#### [Your task]
Please retype the listing below exactly as it stands, skipping any pictures.

#### [Material to process]
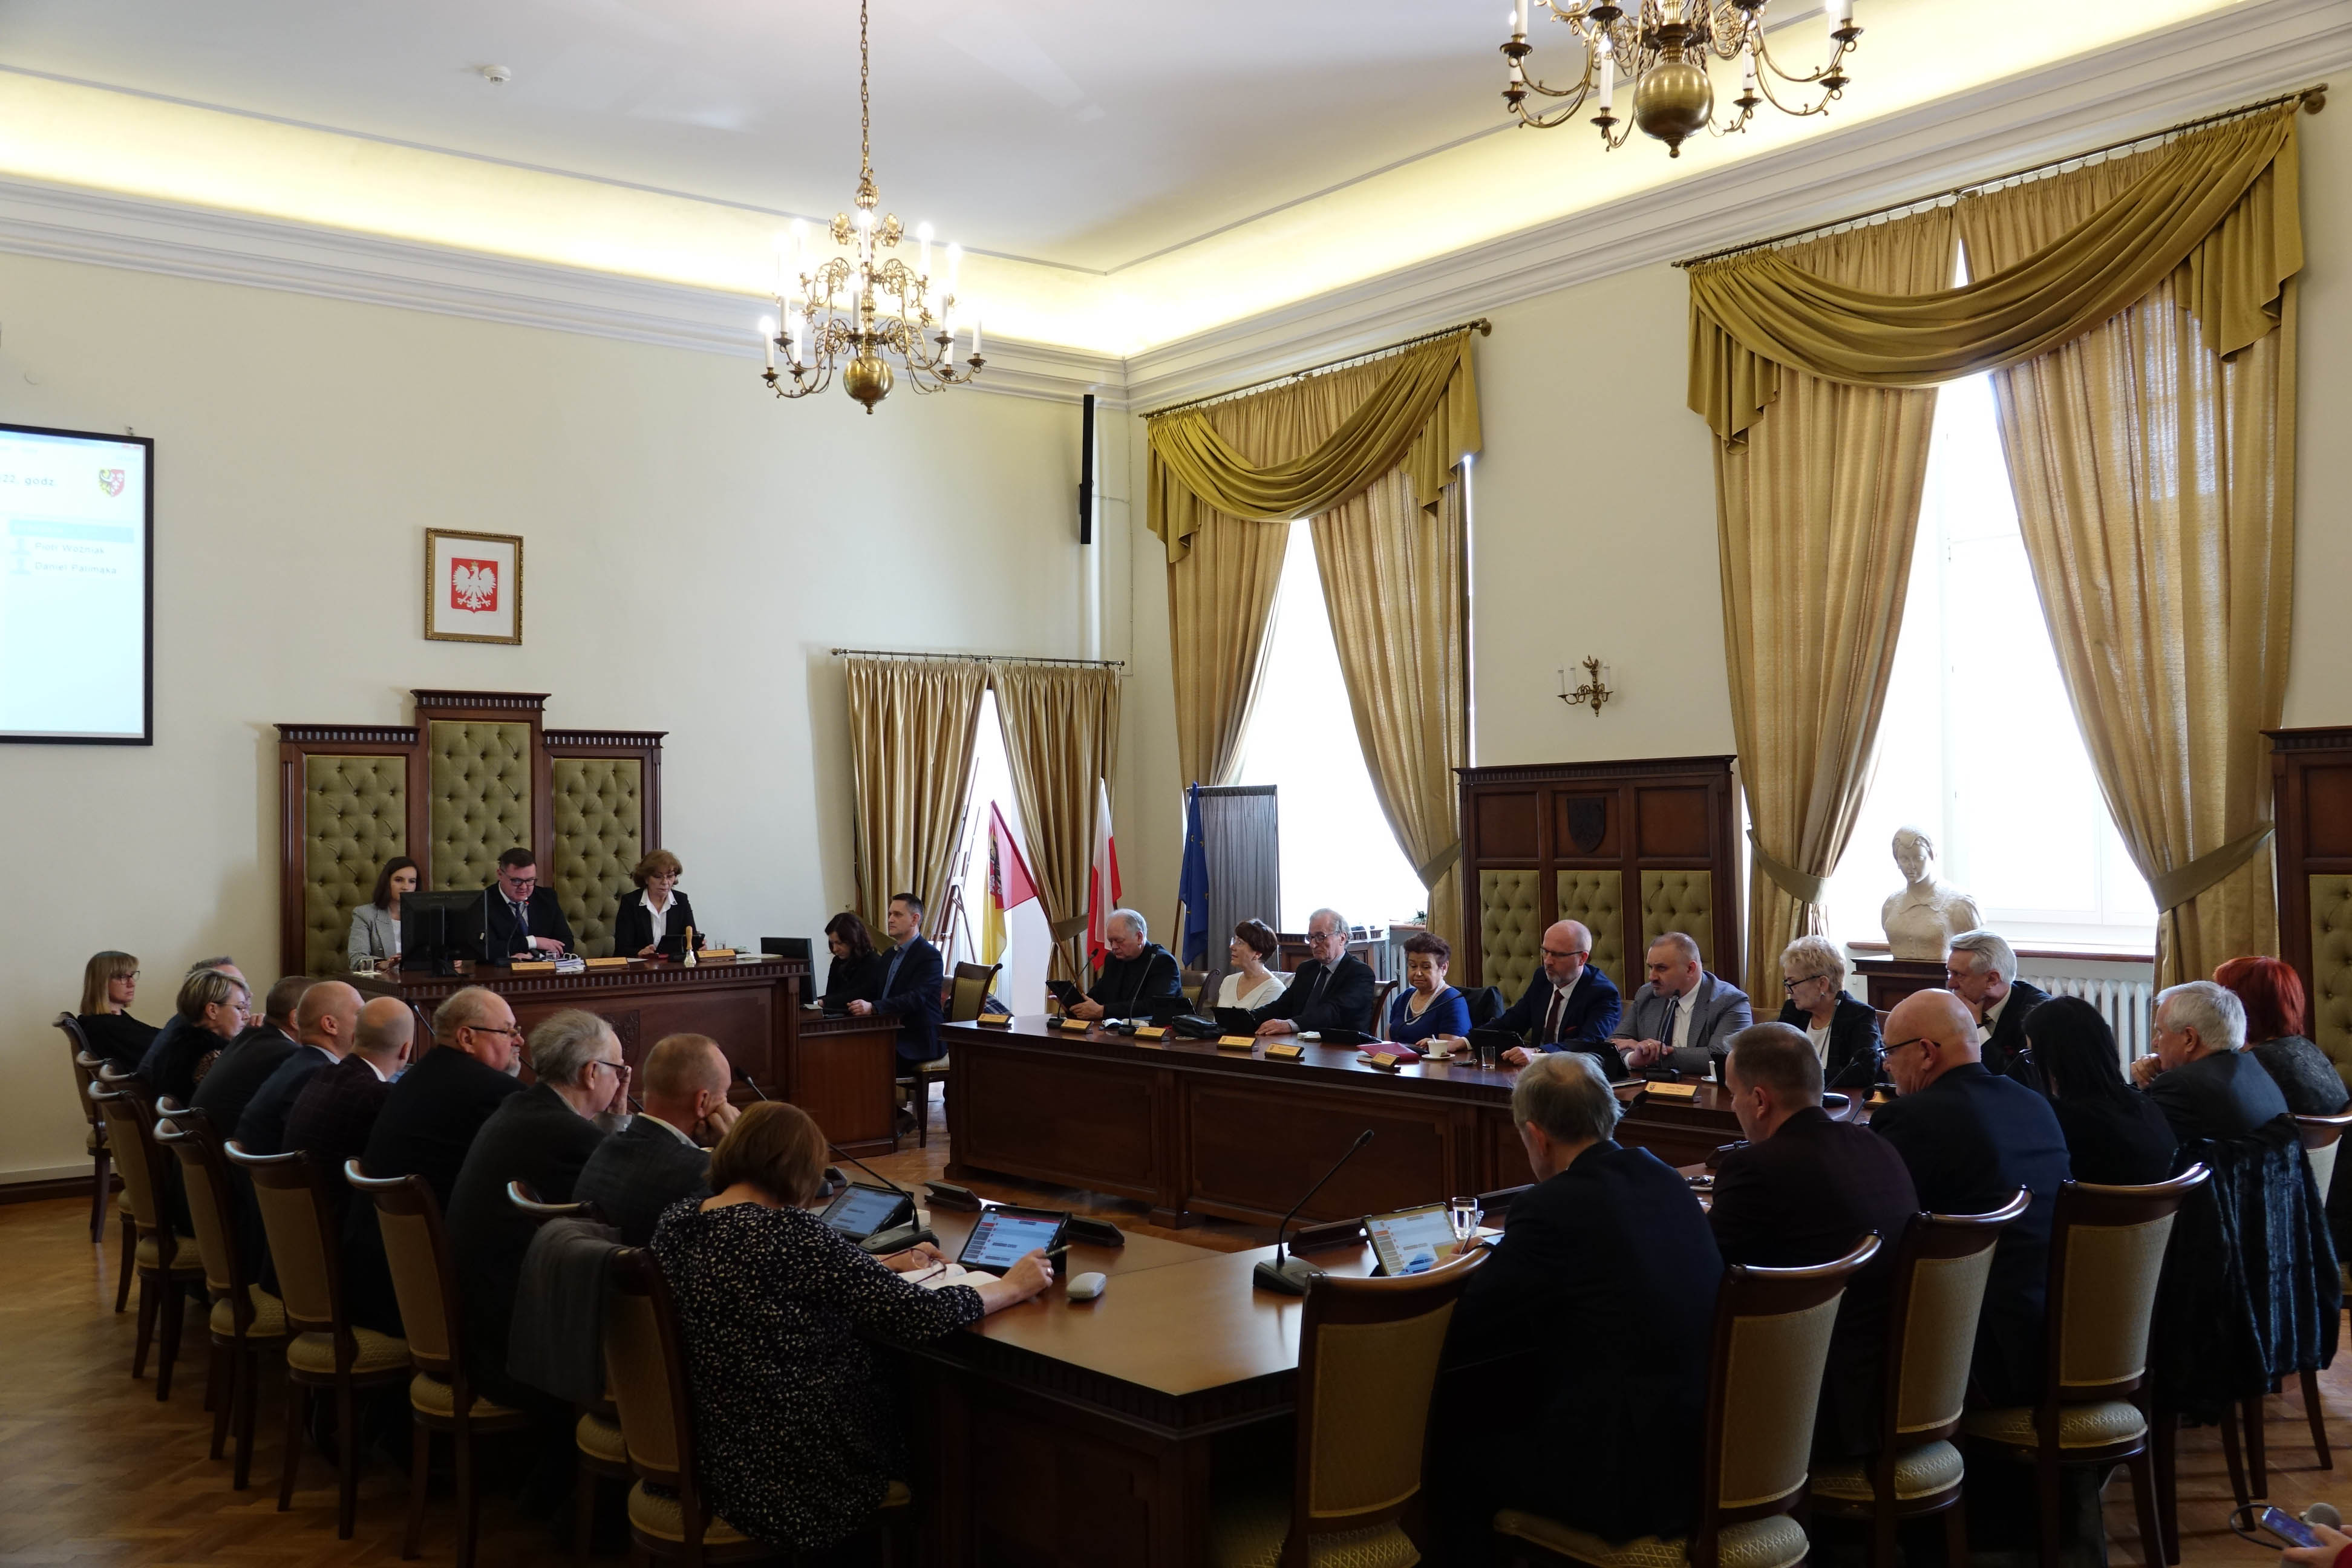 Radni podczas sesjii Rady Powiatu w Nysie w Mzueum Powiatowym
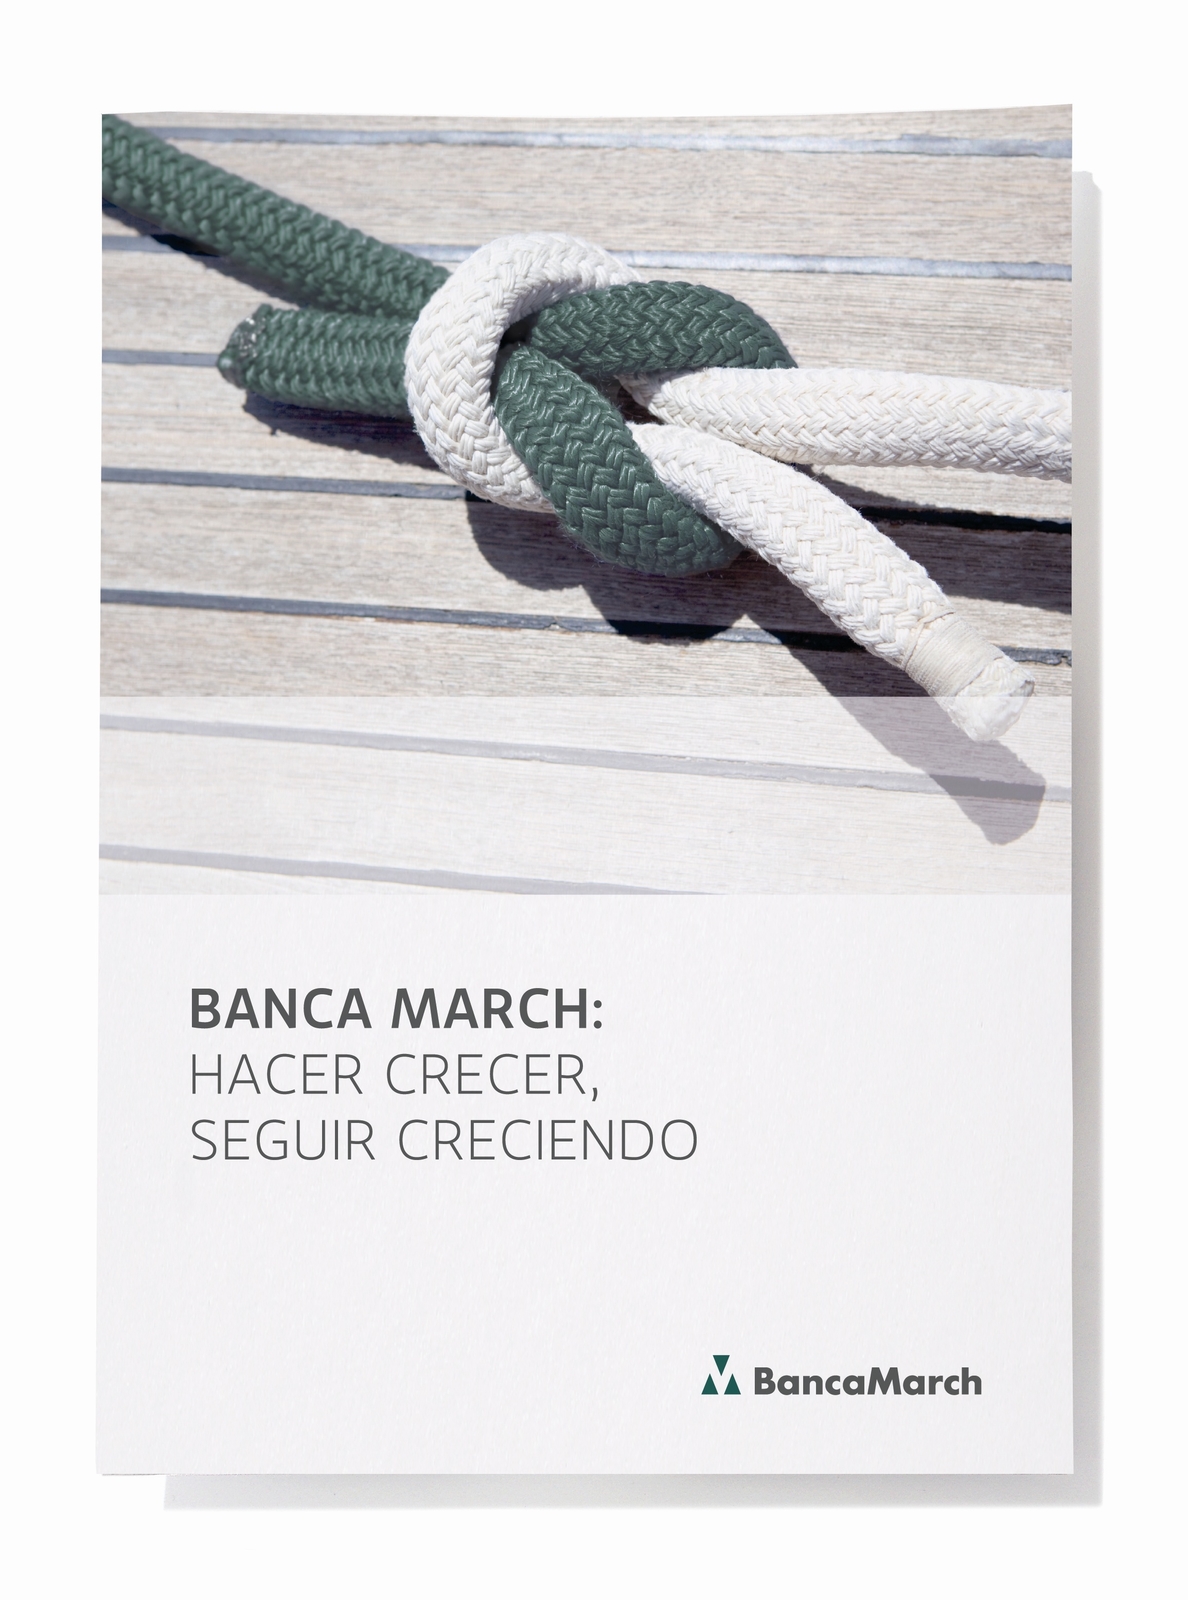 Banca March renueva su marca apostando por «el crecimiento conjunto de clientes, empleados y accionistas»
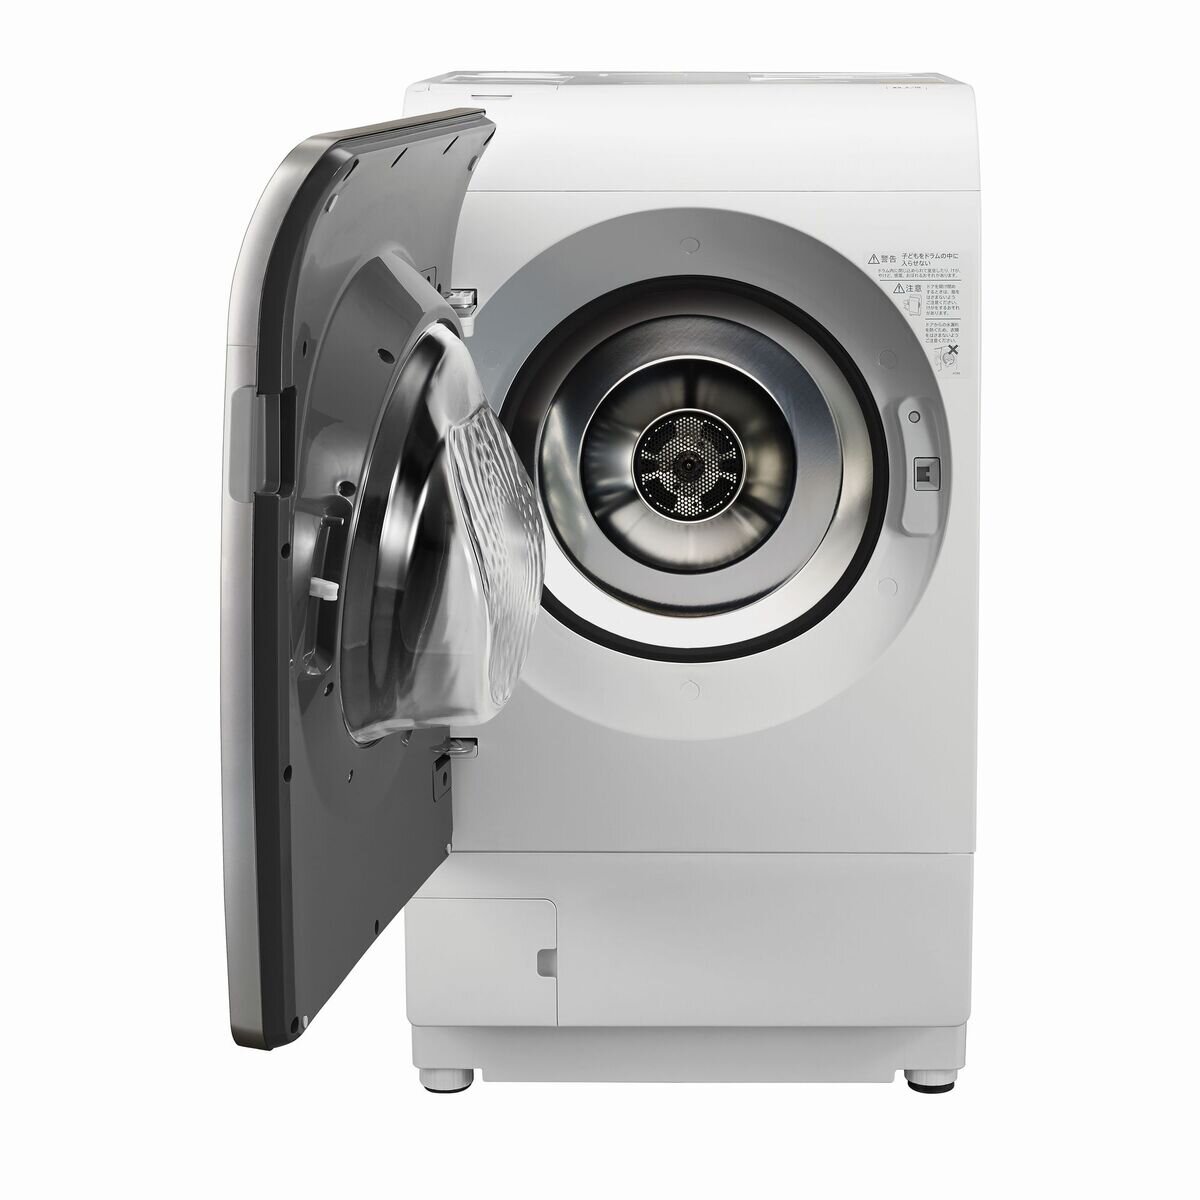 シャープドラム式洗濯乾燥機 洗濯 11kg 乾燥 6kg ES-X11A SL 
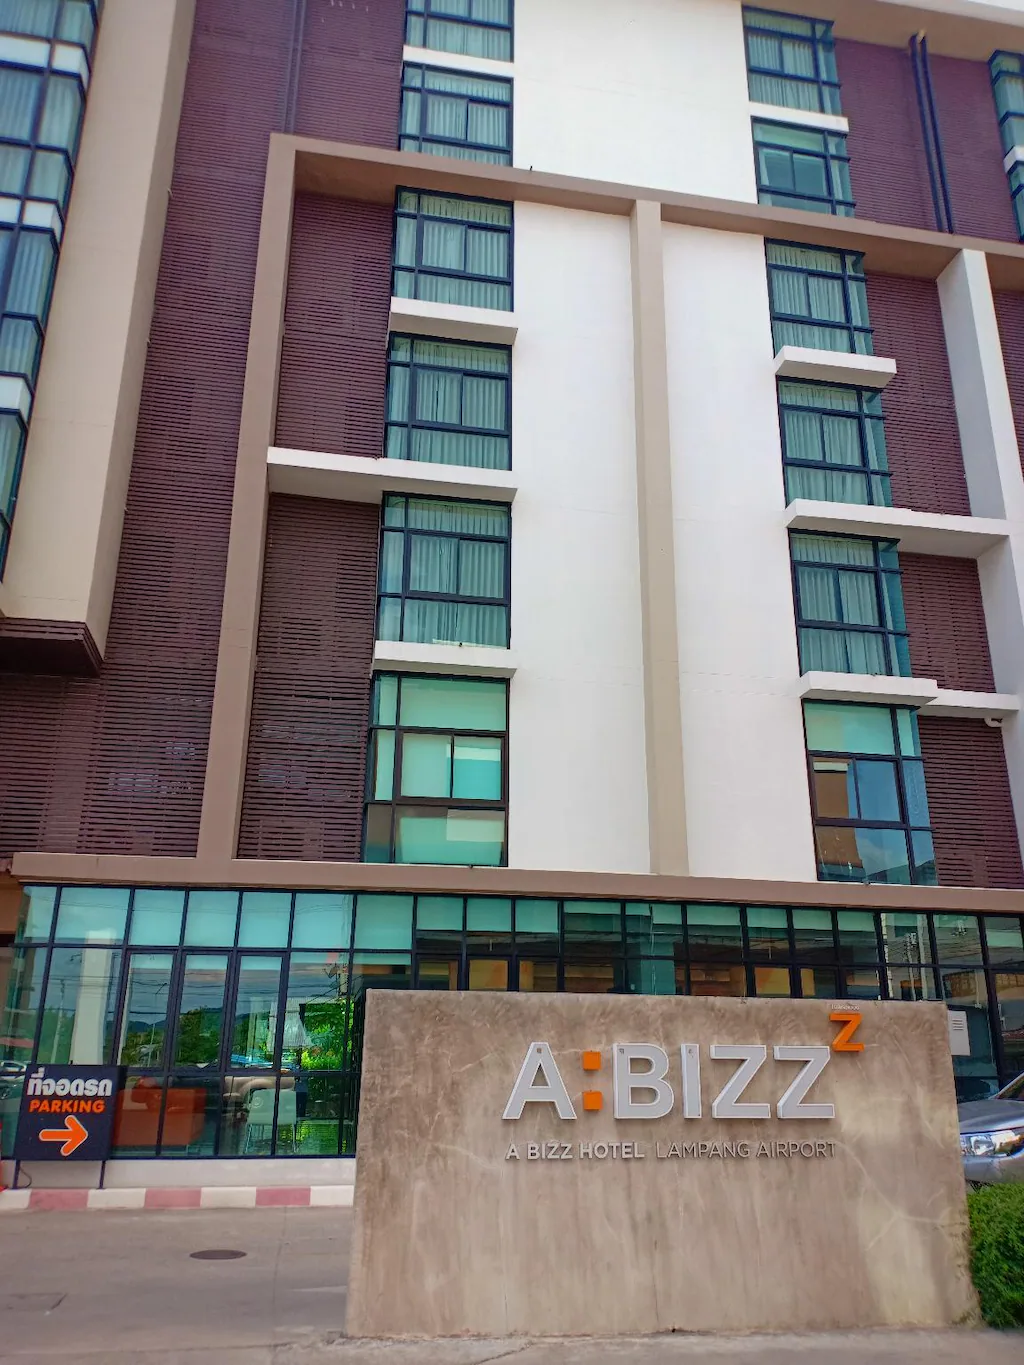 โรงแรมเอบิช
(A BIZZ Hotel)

#### [Response]
 Radni podczas sesjii Rady Powiatu w Nysie w Mzueum Powiatowym
 Banca March renueva su marca apostando por «el crecimiento conjunto de clientes, empleados y accionistas»
 シャープドラム式洗濯乾燥機 洗濯 11kg 乾燥 6kg ES-X11A SL 
 โรงแรมเอบิช
(A BIZZ Hotel)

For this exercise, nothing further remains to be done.